C'est dans le cadre de cette campagne en faveur de l'authenticité qu'éclate un grave conflit entre l'Église et l'État, qui atteint son point culminant en février pour ne s'apaiser qu'en mai 1972 : Mgr Joseph-Albert Malula, archevêque de Kinshasa, est exclu de l'ordre national du Léopard et doit s'exiler à Rome pour avoir eu l'impudence de mettre en doute l'opportunité des mesures gouvernementales. Autorisé à regagner le Zaïre, Mgr Malula est de retour à Kinshasa le 28 juin.

Depuis de longs mois déjà, le chef de l'État zaïrois n'a cessé de mettre en application le principe du chef unique. En octobre 1971, Victor Nendaka, ancien ministre de l'Intérieur de Moïse Tshombé, Justin Bomboko, ancien ministre des Affaires étrangères réputé inamovible, et le général Alphonse Devos Bangala sont arrêtés après avoir été accusés de tentative de subversion.

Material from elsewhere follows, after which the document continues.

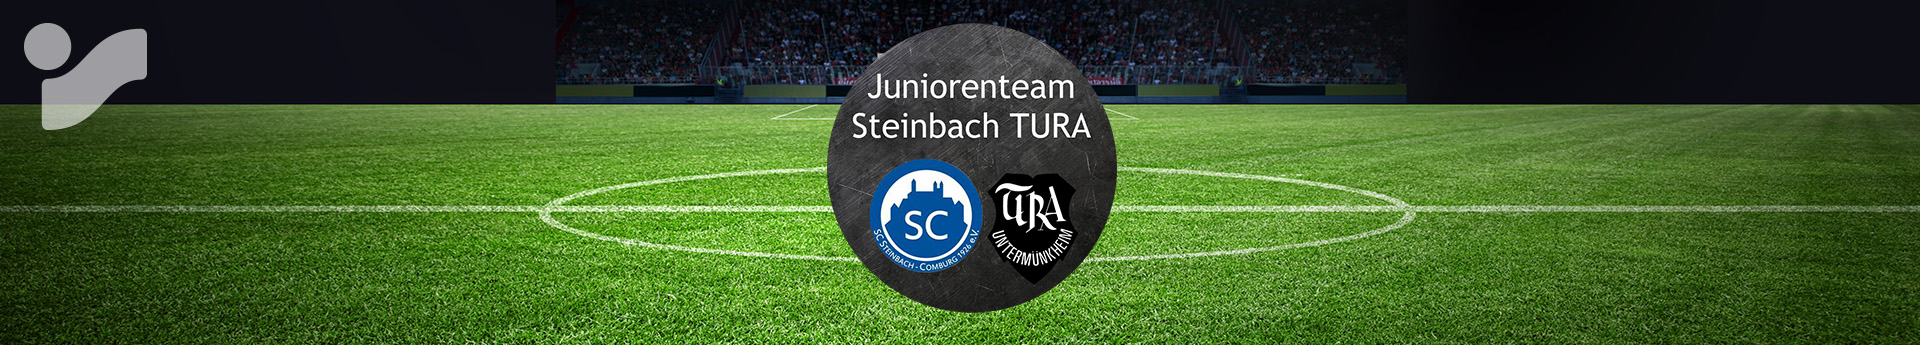 Juniorenteam Steinbach TURA Title Image

En février 1972, le général Mobutu ramène de 28 à 25 le nombre de ses ministres et remanie profondément le bureau du Mouvement populaire de la révolution. Quelques jours plus tôt, le ministre de l'Énergie avait été destitué et accusé d'abus de confiance.

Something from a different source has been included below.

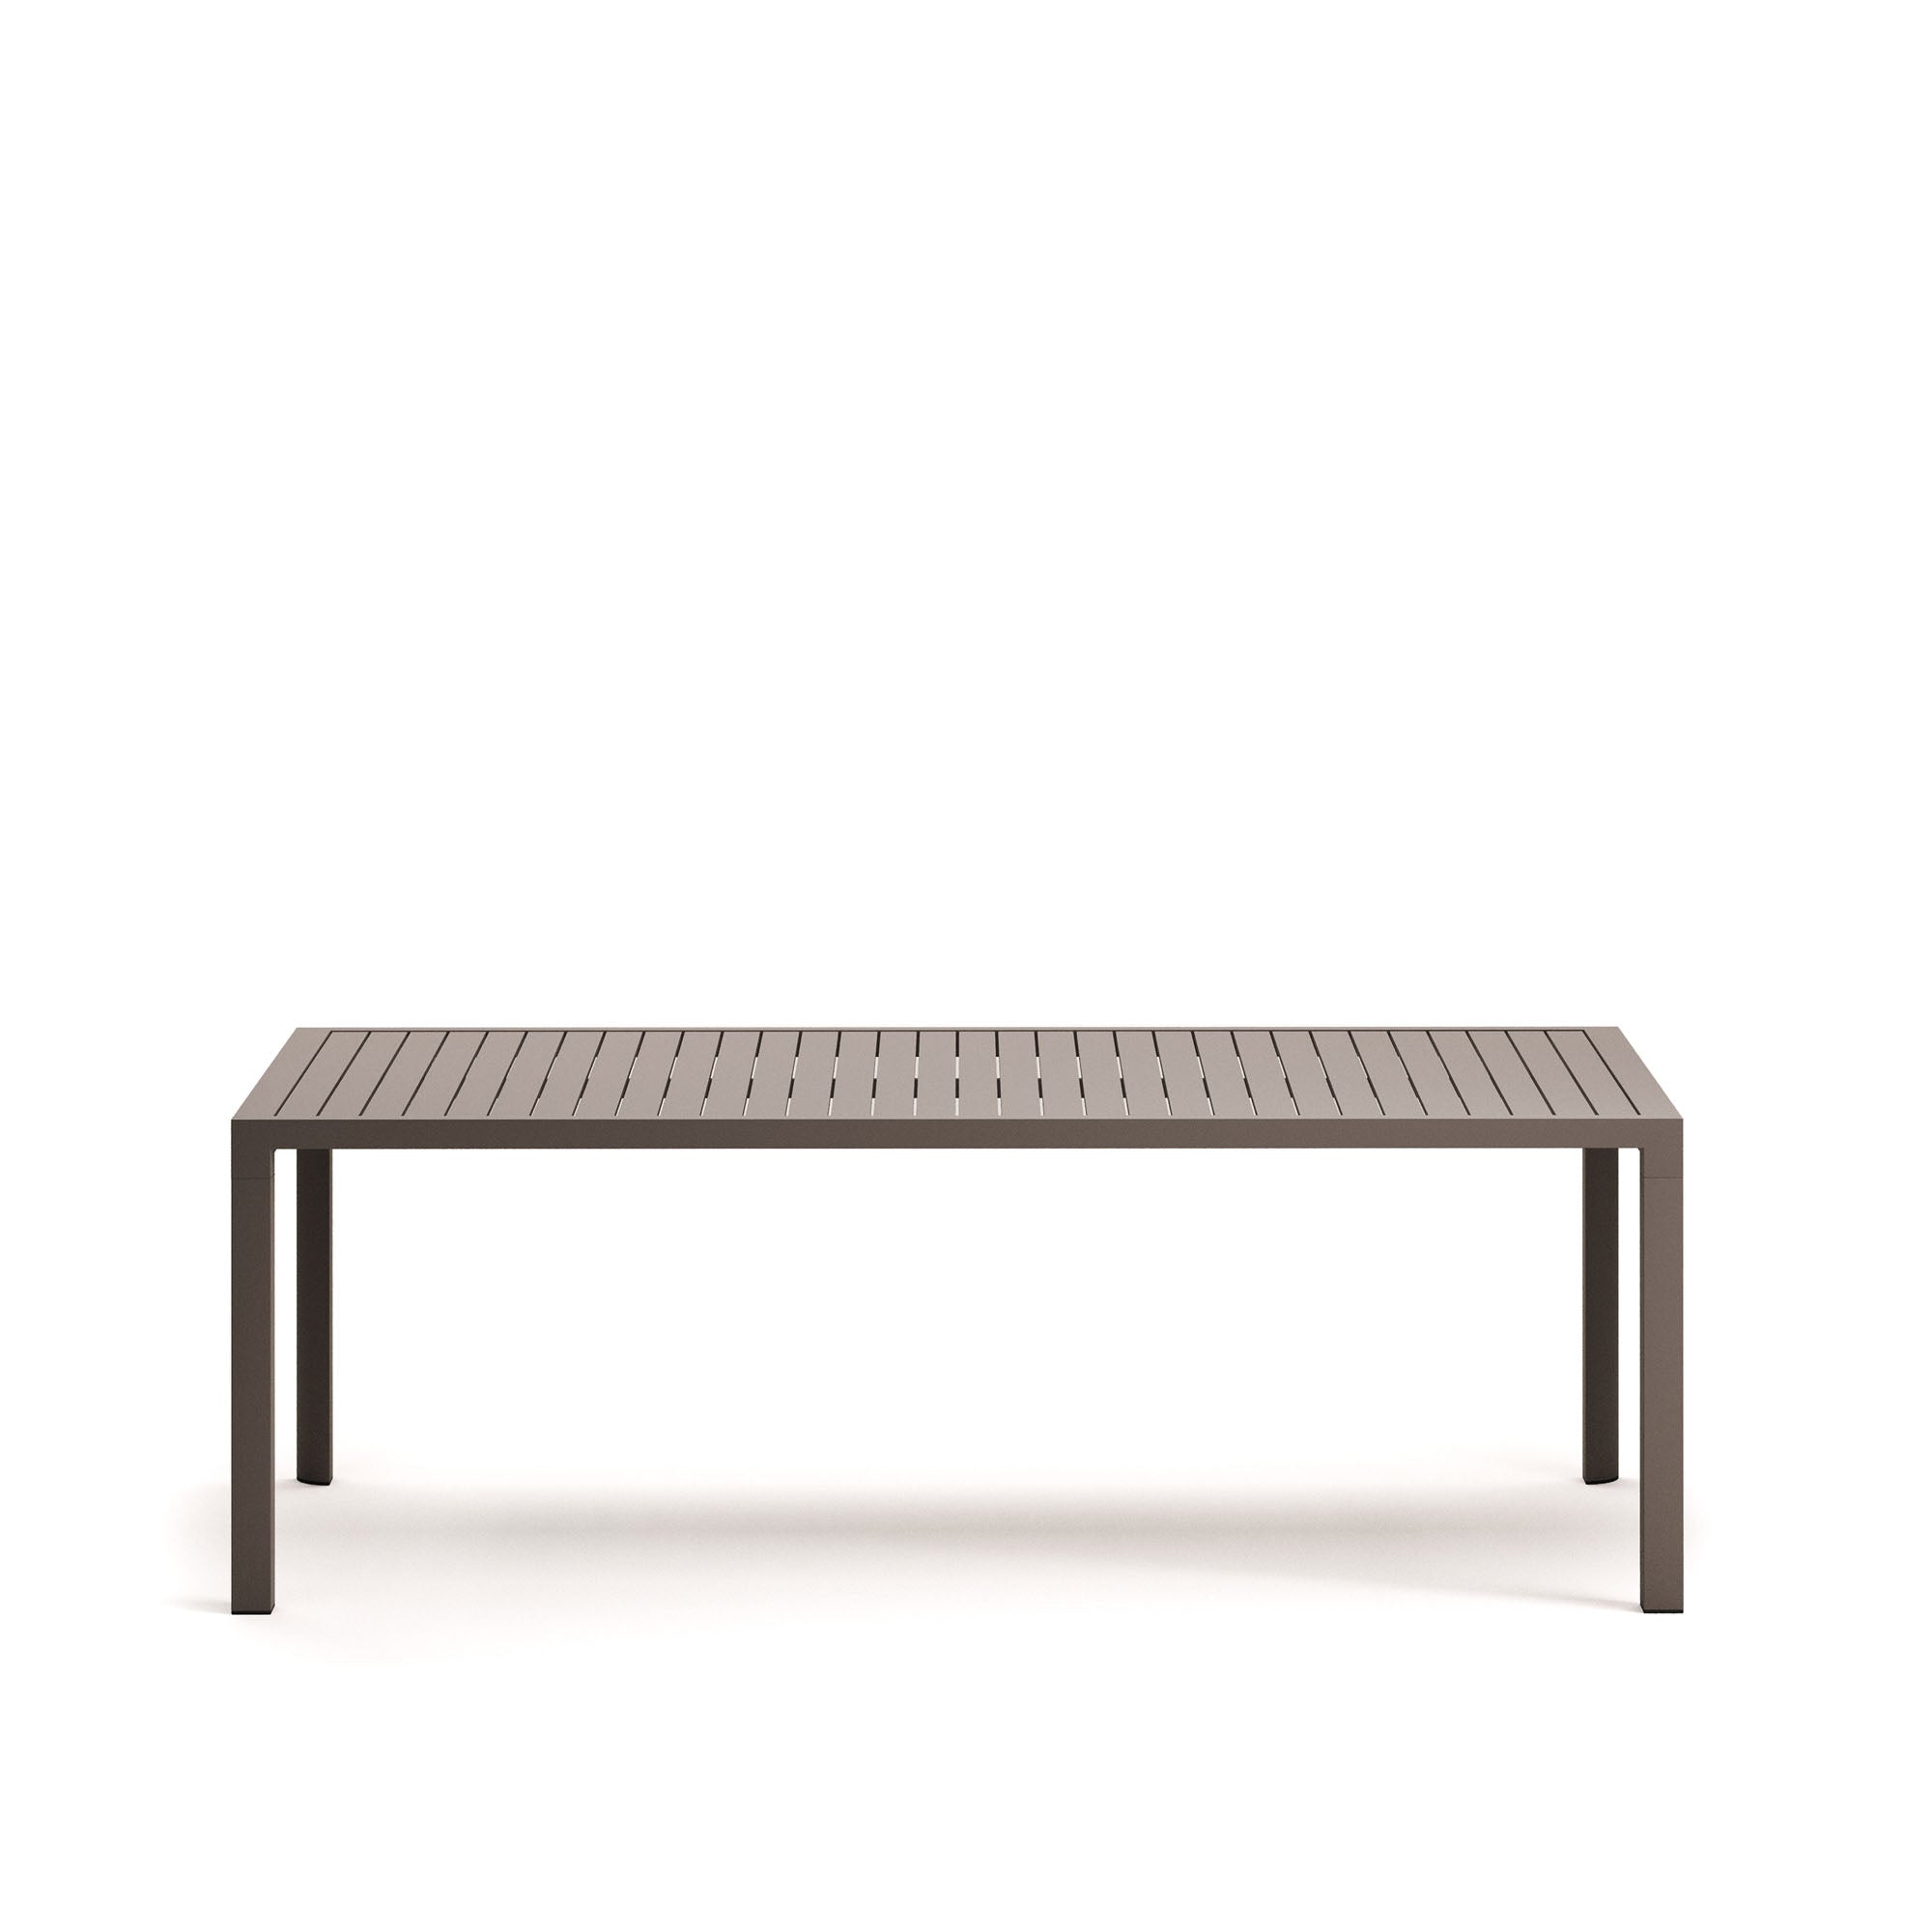 Culip alumínium kültéri asztal, barna színű porszórt bevonattal, 220 x 100 cm

Pour le chef de l'État, l'année 1972 doit d'ailleurs être, dit-il lui-même, « l'année du nettoyage ». La guerre a été officiellement déclarée à la corruption. Première mesure annoncée : les fonctionnaires — policiers et militaires exceptés — ne seront plus logés par l'État. Cela devrait éviter les douteuses opérations de sous-location dans des villes où les logements sont souvent rares. Plus graves sont les détournements de fonds publics, qui apparaissent comme une véritable plaie : certains officiels disent — en privé — que pour près de 60 % les recettes de l'État se seraient volatilisées en 1971.

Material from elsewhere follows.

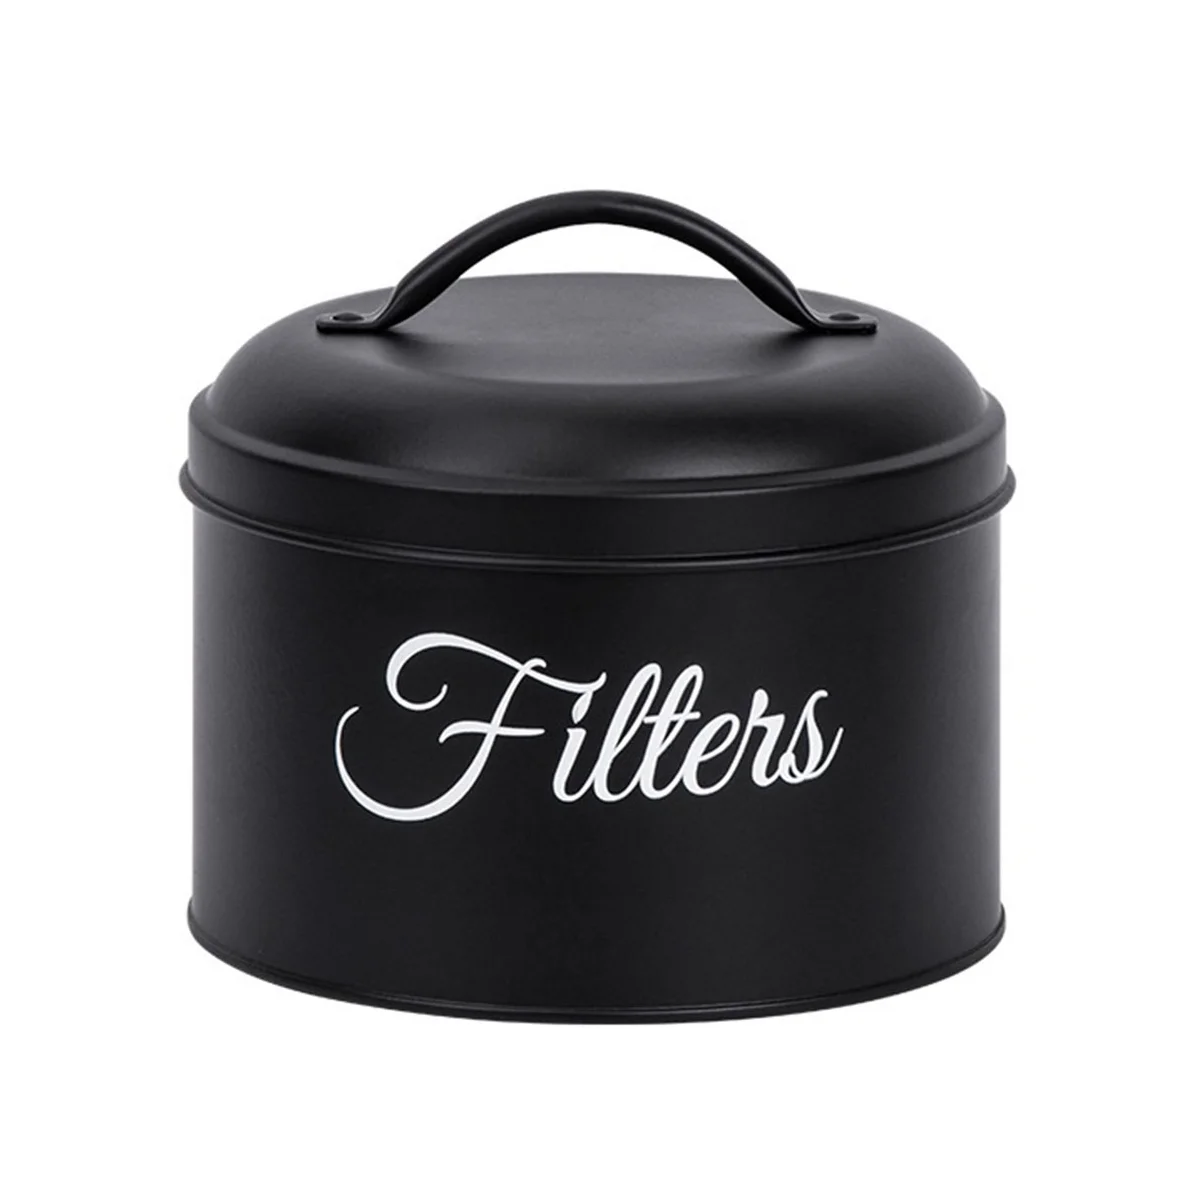 

Держатель для фильтра для кофе, корзина для хранения фильтров для кофе с крышкой, круглый контейнер для фильтров для кофе для стойки, черный

La forte baisse des cours du cuivre, métal dont les ventes à l'étranger alimentent plus de 60 % du budget national, a été sérieusement ressentie. D'autant plus que le gouvernement s'est engagé dans des investissements importants (dont la construction du barrage d'Inga, 140 millions de dollars). Malgré des signes inflationnistes qui coïncident avec la régression des cours du cuivre, l'économie zaïroise reste prospère et en expansion. Cette situation contribue à expliquer le dynamisme de la diplomatie zaïroise et la volonté de son chef d'exercer un leadership régional.

L'éclat de Lomé

Le 19 avril 1972, alors que les ministres des Affaires étrangères de l'OCAM sont réunis pour une conférence préparatoire à la rencontre des chefs d'État à Lomé, le Zaïre annonce officiellement qu'il quitte l'organisation. Si l'on s'en tient au communiqué officiel, la décision du général Mobutu serait motivée par certaines immixtions étrangères tolérées en terre africaine. Il s'agit apparemment d'une allusion aux protestations élevées notamment dans un journal français de Dakar à la suite des mesures prises contre Mgr Malula, archevêque de Kinshasa, jugé trop sévère à l'égard du pouvoir.

Selon le porte-parole officieux du gouvernement, le Zaïre ne peut que se trouver « mal à l'aise » au sein d'une organisation régionale. Soulignant que 4 seulement des 10 pays frontaliers du Zaïre sont francophones, le directeur du bureau politique estime que l'intérêt de Kinshasa « se situe au-delà de toutes les conditions linguistiques ». Malgré toutes les avances faites, le Zaïre s'est toujours tenu à l'écart de l'Agence de coopération culturelle et technique des pays francophones, créée il y a trois ans à Niamey.